Installing the software

  • Run the Electric Encoder™ Explorer file found on Netzer website: Encoder Explorer Software Tools
  • After the installation you will see Electric Encoder Explorer software icon on the computer desktop.
  • Click on the Electric Encoder Explorer software icon to start.

Mounting verification

Starting the Encoder Explorer
Make sure to complete the following tasks successfully:

  • Mechanical Mounting
  • Electrical Connection
  • Connecting Encoder for Calibration
  • Encoder Explore Software Installation

Run the Electric Encoder Explorer tool (EEE)
Ensure proper communication with the encoder: (Setup mode by defoult).
(a) The status bar indicates successful communication.
(b) Encoder data displays in the encoder data area. (CAT No., Serial No.)
(c) The position dial display responds to shaft rotation.

Runing

Perform mounting verification & rotation direction selection before calibration to ensure optimal performance. It is also reccomended to observe the instaletion at the [Tools – Signal Analizer] window.

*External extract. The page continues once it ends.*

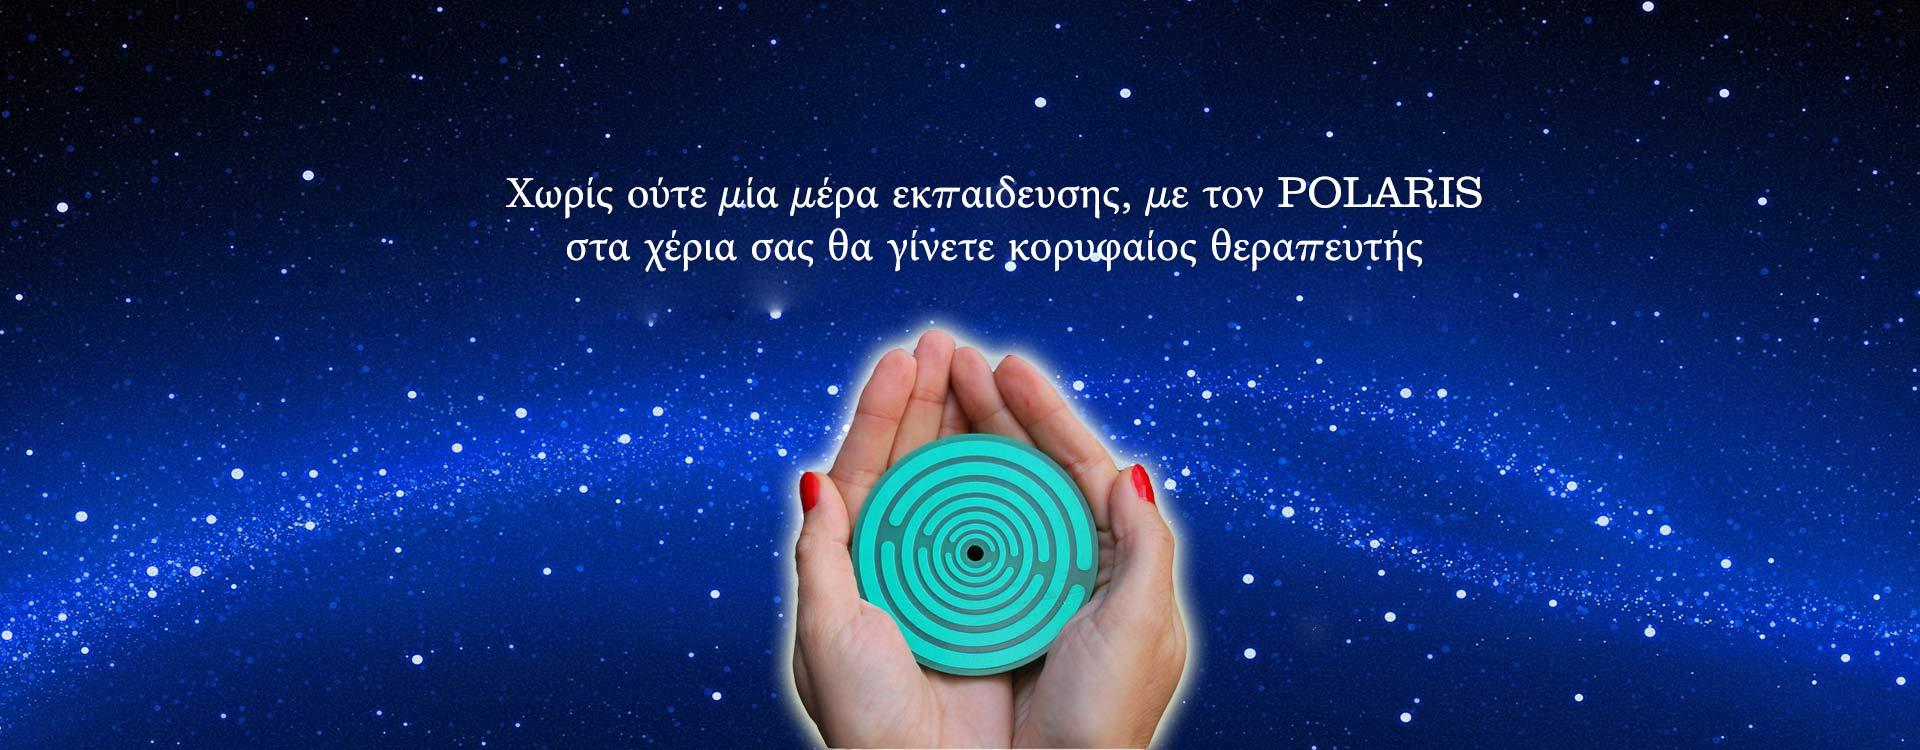 polaris diskos

Mechanical installation verification
The Mechanical Installation Verification provides a procedure that will ensure proper mechanical mounting by collecting raw data of the fine and coarse channels during rotation.
(d) Select [Mechanical Mounting Verification] on the main screen.

Selected

(e) Select [Start] to initiate the data collection.
(f) Rotate the shaft in order to collect the fine and coarse channels data.

Selected

(g) At the end of a successful verification, the SW will show “Correct Mechanical Installation.”

Verification

(h) If the SW indicates “Incorrect Mechanical Installation,” correct the mechanical position of the rotor, as presented in paragraph 3.3 – “Rotor Relative Position.”

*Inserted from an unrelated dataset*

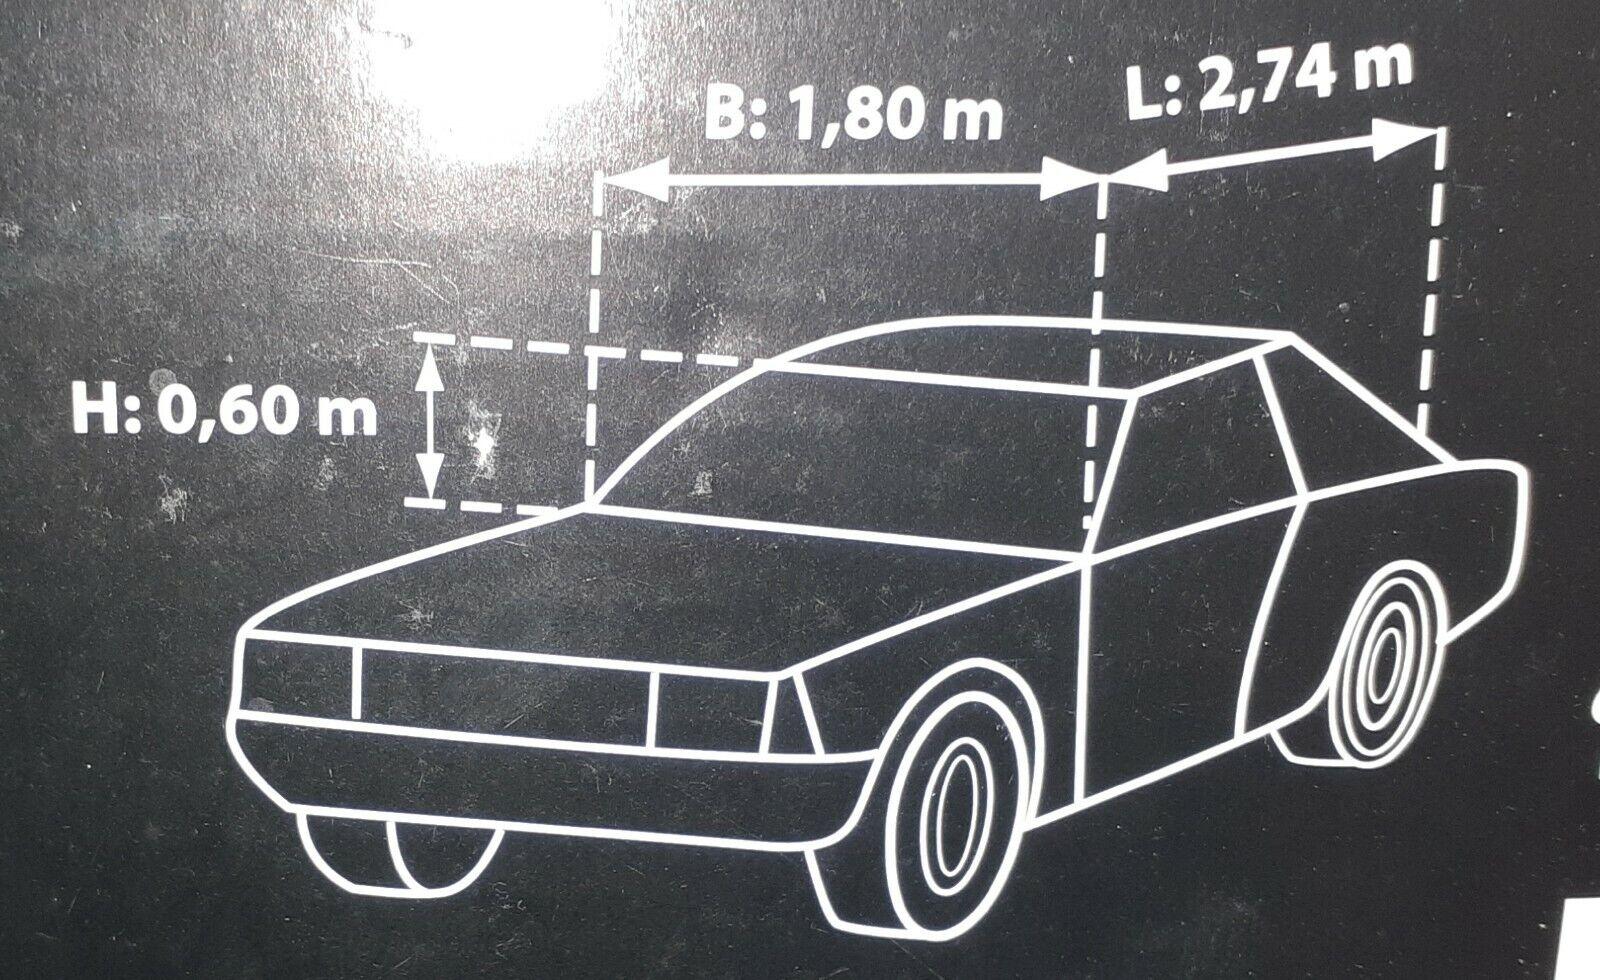 Halbgarage Auto KfZ LXL 100 wasserfest BMW,Mercedes, FORD,VW, Opel (Liste)NEU

Incorrect Mechanical Installation

Calibration

Full manual calibration
After successfully completing the Mounting Verification procedure: (a) Select [Calibration] on the main screen.

Calibration

(b) Start the data acquisition while rotating the shaft. The progress bar (c) indicates the collection progress. Rotate the axis consistently during data collection-covering the working sector of the application end to end-by default the procedure collects 500 points over 75 seconds. Rotation speed is not a parameter during data collection. Data collection indication shows for the fine/coarse channels, a clear “thin” circle appears in the center (d) (e) with some offset.

Data acquisition

Offset compensated fine / Corse channel
Signal analyzer
Signal analyzer

CAA calibration
The following calibration aligns the coarse/ fine channel by collecting data from each point of both channels.

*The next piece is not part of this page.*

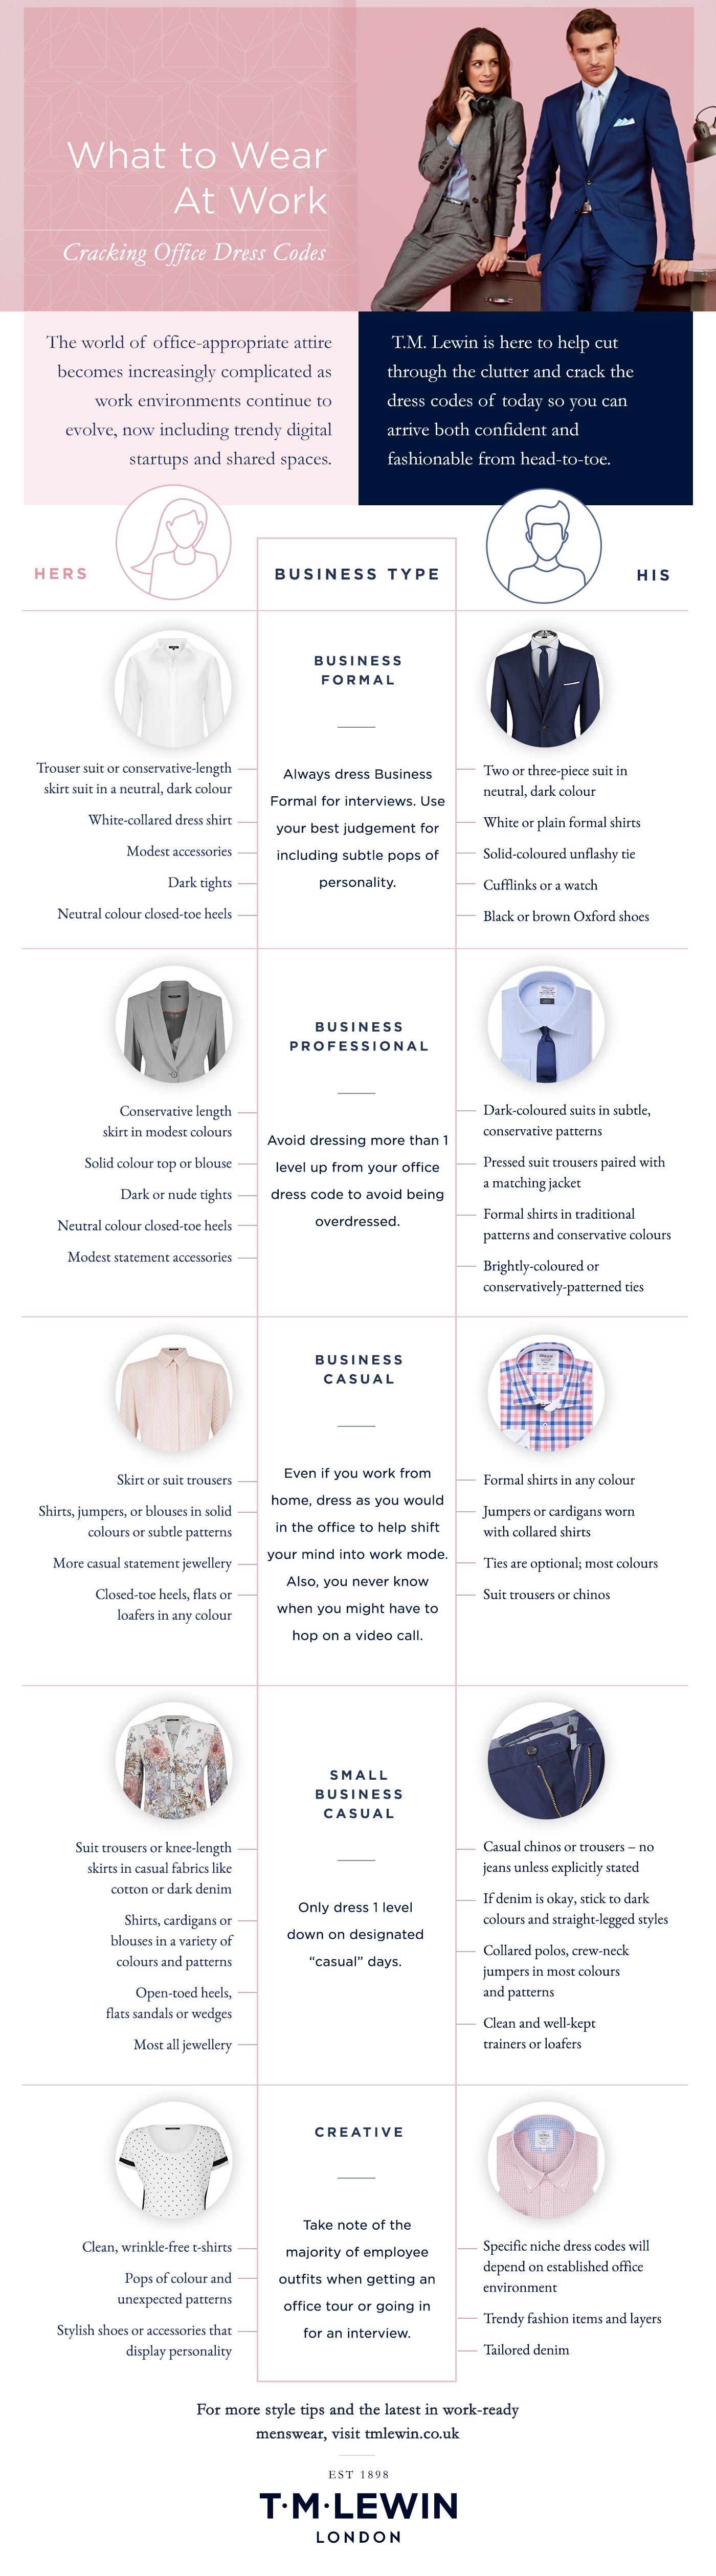 Navigating Workplace Dress Codes

Select [Continue to CAA Calibration]

In the CAA angle calibration window, select the relevant option button from the measurement range options (a):

  • Full mechanical rotation – shaft movement is over 10deg – recommended.
  • Limited section – define operation of the shaft in a limited angle defined by degrees in case of <10deg
  • Free sampling modes – define the number of calibration points in the total number of points in the text box. The system displays the recommended number of points by default. Collect a minimum of nine points over the working sector.
  • Click the [Start Calibration] button (b)
  • The status (c) indicates the next required operation; the shaft movement status; the current position, and the next target position to which the encoder should be rotated.
  • Rotate the shaft/encoder to the next position and click the [Continue] button (c) – the shaft should be in STAND STILL during the data collection. Follow the indication/ interactions during the cyclic process for positioning the shaft –> stand still –> reading calculation.
  • Repeat the above step for all defined points. Finish (d).
  • Click the [Save and Continue] button (e).

The last step saves the offsets CAA parameters, completing the calibration process.

EA offset celibration

Setting the encoder zero point
The zero position can be defined anywhere in the working sector. Rotate the shaft to the desired zero mechanical position. Go into “Calibration” button at the top menu bar, press “Set UZP”. Select “Set Current Position” as zero by using the relevant option, and click [Finish].

Zero position
Zero position

Jitter test
Perform a jitter test to evaluate the quality of the installation; the jitter test presents the reading statistics of absolute position readings (counts) over time. Common jitter should be up +/- 3 counts; higher jitter may indicate system noise.

Jitter test

In case the reading data (blue dots) are not evenly distributed on a thin circle, you may experience “noise” in your installation (check shaft/stator grounding).

Signal analyzer
Eror

Operational Mode

SSi / BiSS
Operational mode indication of the SSi / BiSS Encoder interface available by using the NanoMIC.

For more information read about NanoMIC on Netzer website
The operational mode presents the “real” SSi / BiSS interface with 1MHz clock rate.

Protocol SSi
Protocol SSi

Protocol BiSS

Protocol BiSS

Mechanical drawings

Mechanical drawings
Mechanical drawings
Mechanical drawings

Note: While using an encoder rotor adaptor (which isn’t part of the motor shaft), the adaptor should be made from a nonmetal material.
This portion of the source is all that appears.